The TX – 6 Special Election Results Don’t Bode Well for Red District Suburban Democrats

It’s little secret the Donald Trump era for the GOP was both good and bad electorally. Trump furthered inroads with rural voters for the GOP in 2016 and 2020 but he also cost the party invaluable support in growing metro areas in red states like TX and formerly red states GA and AZ. Democrats made inroads in 16 in these suburban red districts but blew out expectations in their 2018 midterm romp. Gains that year fueled sky high expectations in TX, AZ, GA, NC and more. Yet, despite Biden winning the popular vote by 4.5 percent and House Democrats by 3 percent they lost a dozen seats and only gained a single suburban seat in the Atlanta suburbs.

One of the places the party saw the biggest flop was in Texas. The party had seen signs they could flip a number of suburban seats around Houston, Dallas and Austin. Yet, despite Biden making inroads in every district, his coattails were marginal and Democrats were left to ponder what went wrong.

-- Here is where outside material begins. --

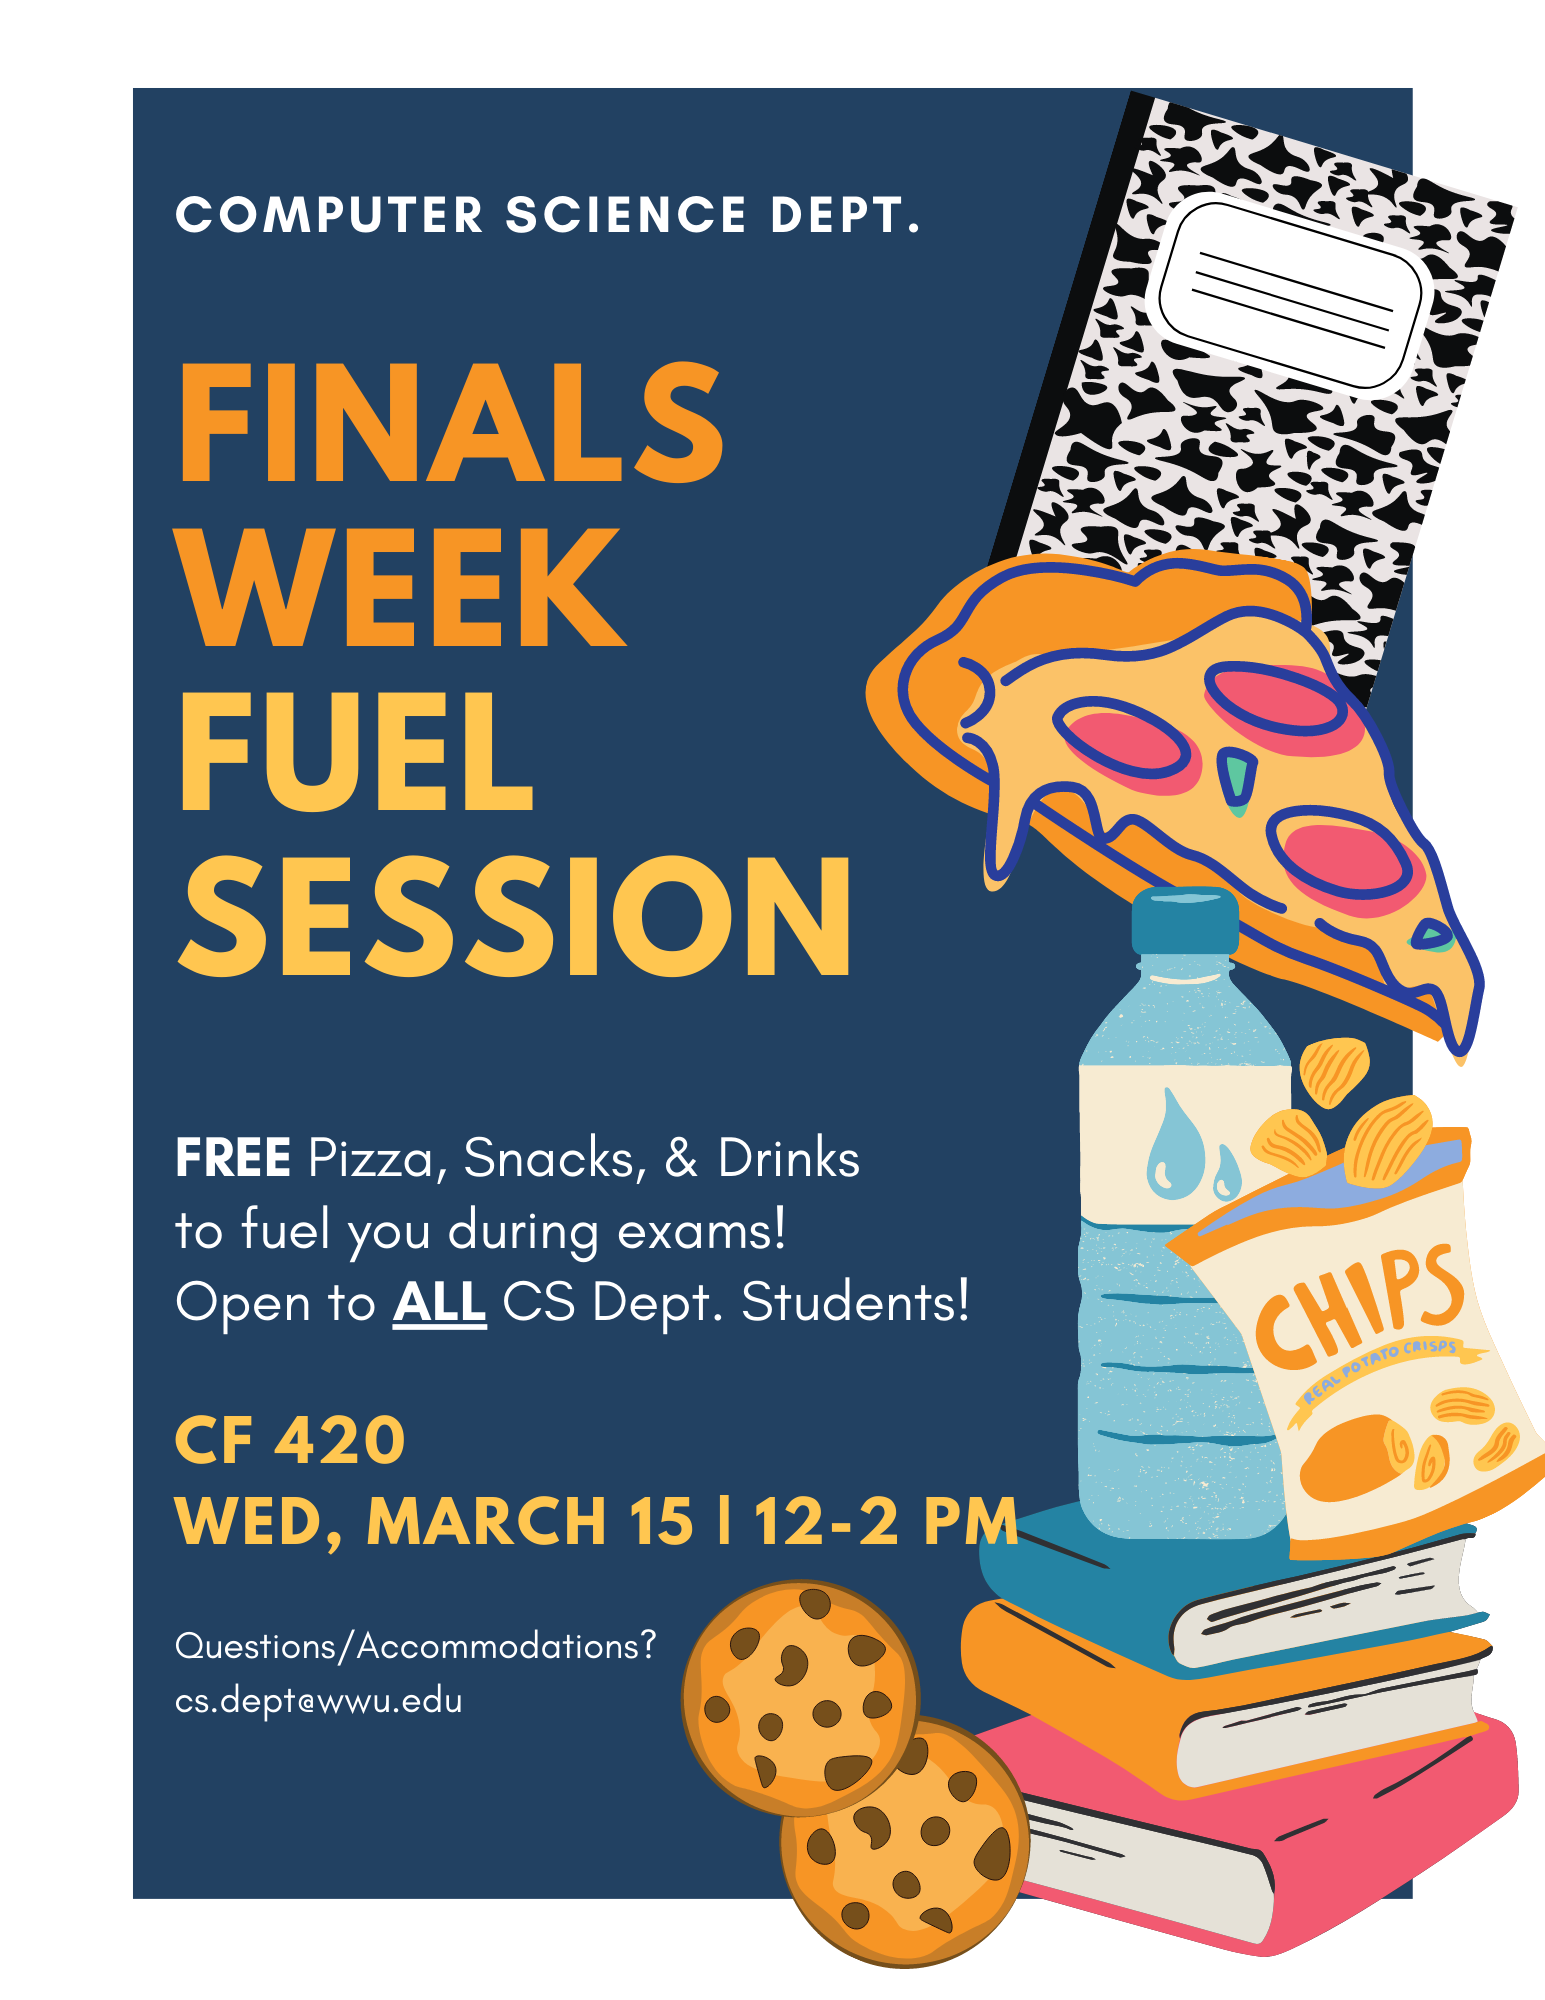 Finals Week Fuel Session - Winter 2023! Take a break and fuel up for finals with FREE pizza and snacks. Wednesday 3/15, noon to 2 PM in CF 420.

Republicans largely theorized Republican leaning voters were repelled by Trump’s behavior but supported more conventional down – ballot GOP candidates. Further, with Trump off the ballot, the GOP argued these trending blue suburbs, at least in TX (the same cannot be said for GA or AZ), would revert to somewhat of their pre – Trump form. Democrats scoffed and believed the GOP’s emphasis on culture war issues repellant to suburban voters combined with a popular progressive Democratic agenda would fuel further gains.

Because Republicans surprisingly held a number of state legislatures in 2020 the party is still in a strong position in the suburbs because they can draw favorable lines. But the special election in TX – 6 was fought out under the old lines where Democrats made gains in the last few years. Though Trump carried it in 2020 he lost a lot of ground.

A quick primer on this district and election is necessary to point out how it is the first indicator of a rough 2022 for the party in power. The district was created in 2011 and meant to be the traditional suburban TX GOP district. But, in 2016 that eroded and the Arlington portion of the district went blue and has in every subsequent election. Meanwhile, the district takes in exurban Dallas/Arlington Navarro and Ellis Counties. For reference, Trump lost the Arlington portion of the district by over 5 points while he he won both other counties by plus 30.

Former Representative Ron Wright died from COVID – 19 complications earlier in the year and as a result the seat became open. A massive field of 23 candidates developed including his widow, GOP activist Susan Wright and a number of other Republicans and Democrats. Because Texas uses run-offs and such a massive field developed, it was assumed a run – off would occur. The main questions were who would make it to the run – off and how would the total GOP/Dem vote total compare to 2020.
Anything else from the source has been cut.